Pena's chances of putting up gaudy numbers have been helped a lot by his decision to sign with the Diamondbacks, who placed him in Triple-A Reno. Pena extended his season-opening hitting streak to nine games on Sunday with a 3-for-5 day against Colorado Springs. But he didn't homer, which ended his home run streak at three games.
Pena's home run on Saturday was his sixth of the season, putting him in the minor league lead. Two of them have come at Salt Lake, two at Colorado Springs and two at home in Reno.

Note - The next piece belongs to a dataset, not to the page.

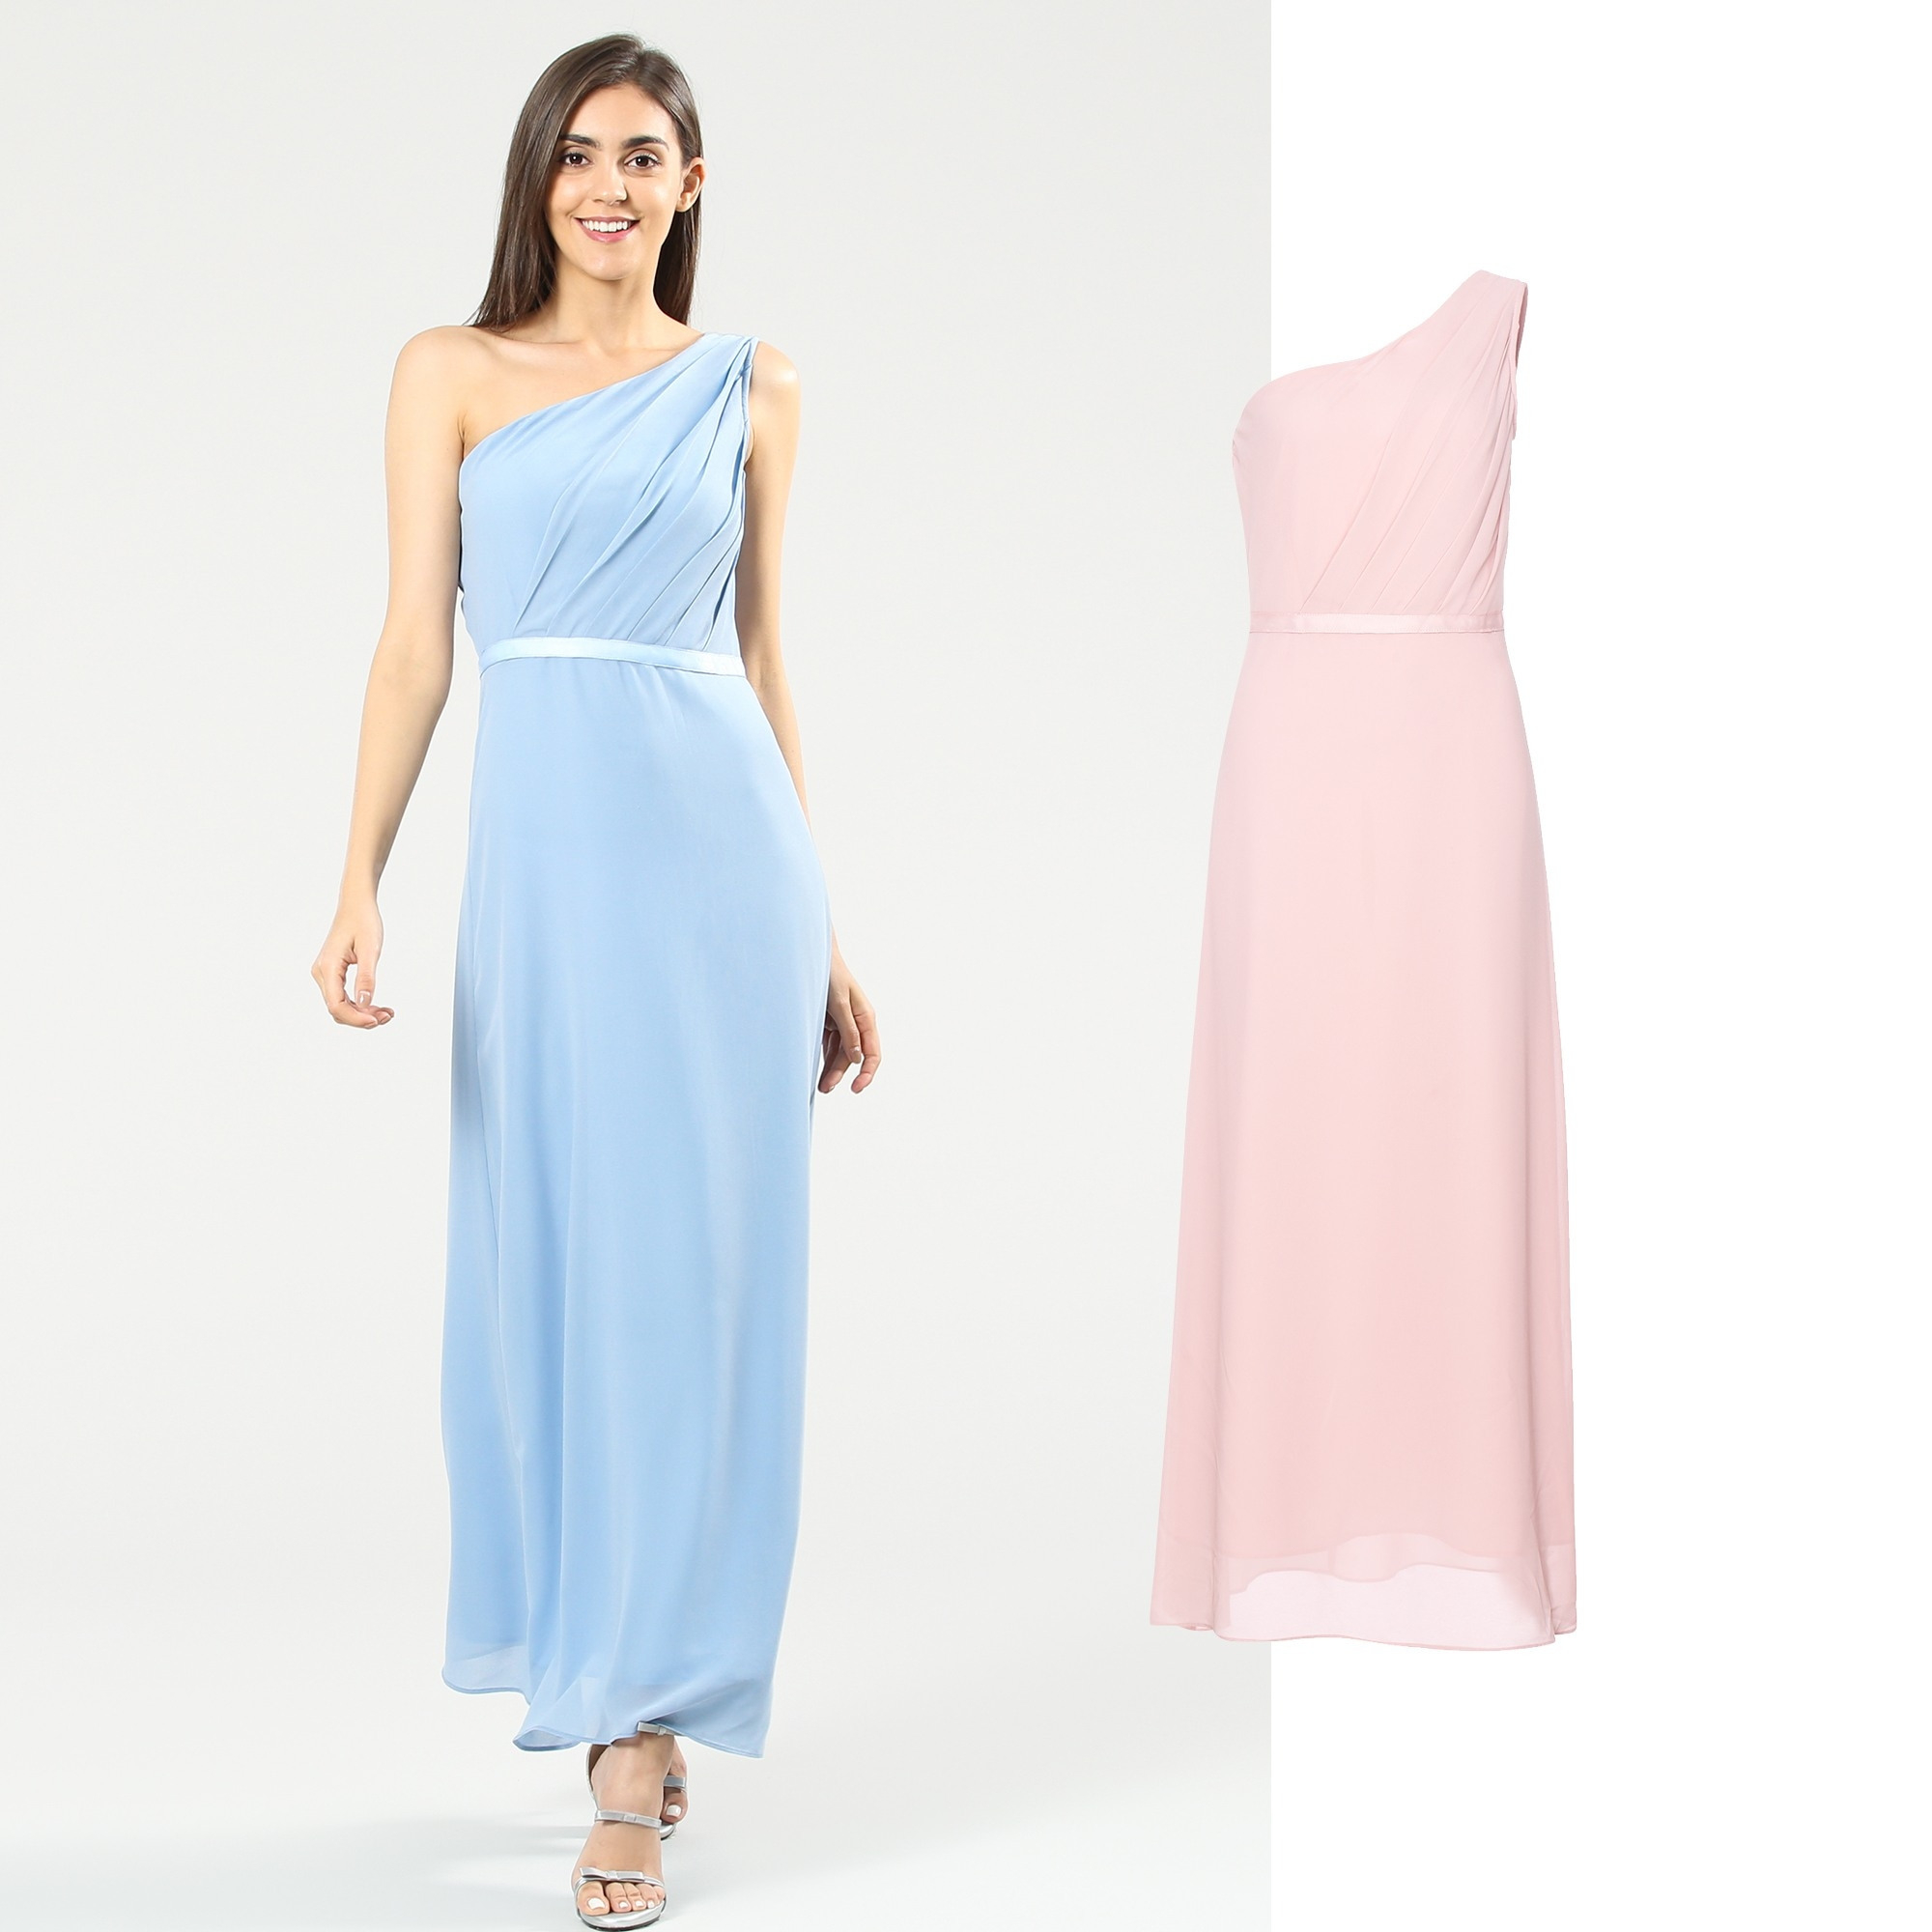 einfach kleider für hochzeit günstig kaufen stylish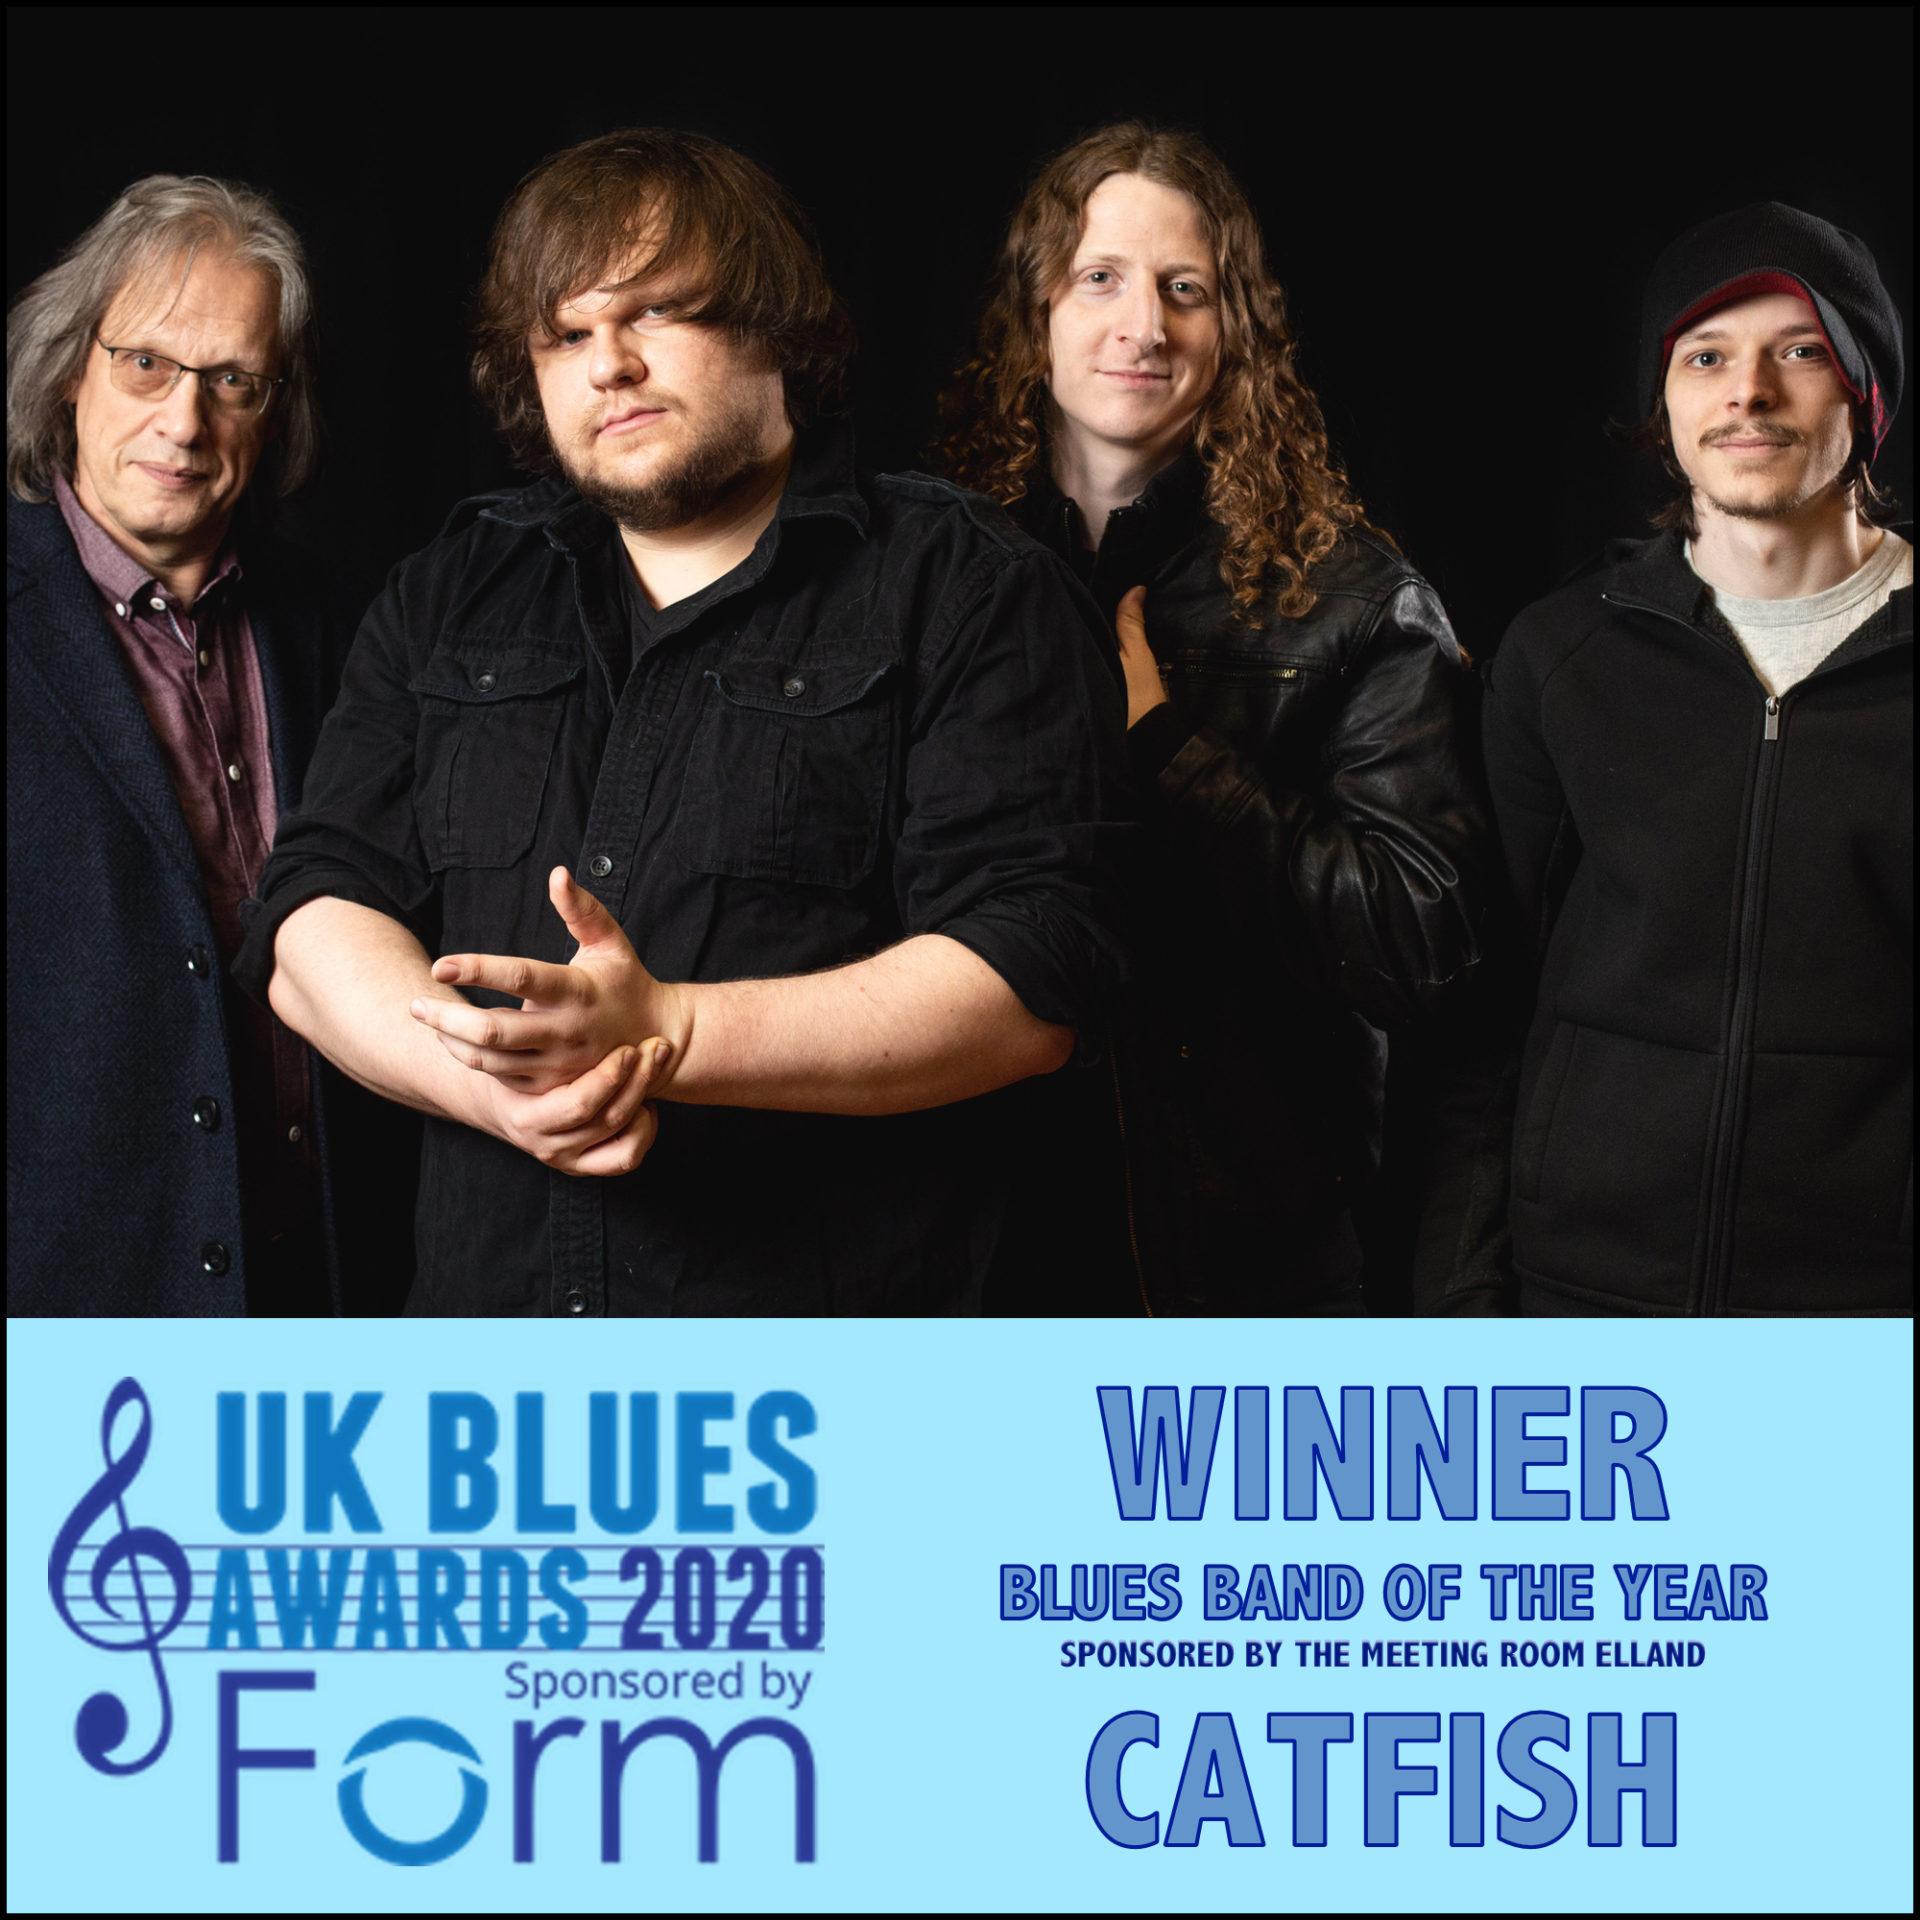 image of 2020 ukblues awards winner catfish

• When the Yankees placed Phil Hughes on the disabled list, Bartolo Colon moved into the rotation, but Kevin Millwood is getting ready in Double-A to step in if Colon falters. It's hard to argue with that he did on Sunday. Millwood did walk four batters and was working in the mid-to-high 80s, but otherwise he was in complete command against Harrisburg. Millwood carried a no-hitter into the sixth inning–Tyler Moore broke it up with a single for Harrisburg's lone hit in a scheduled seven-inning game.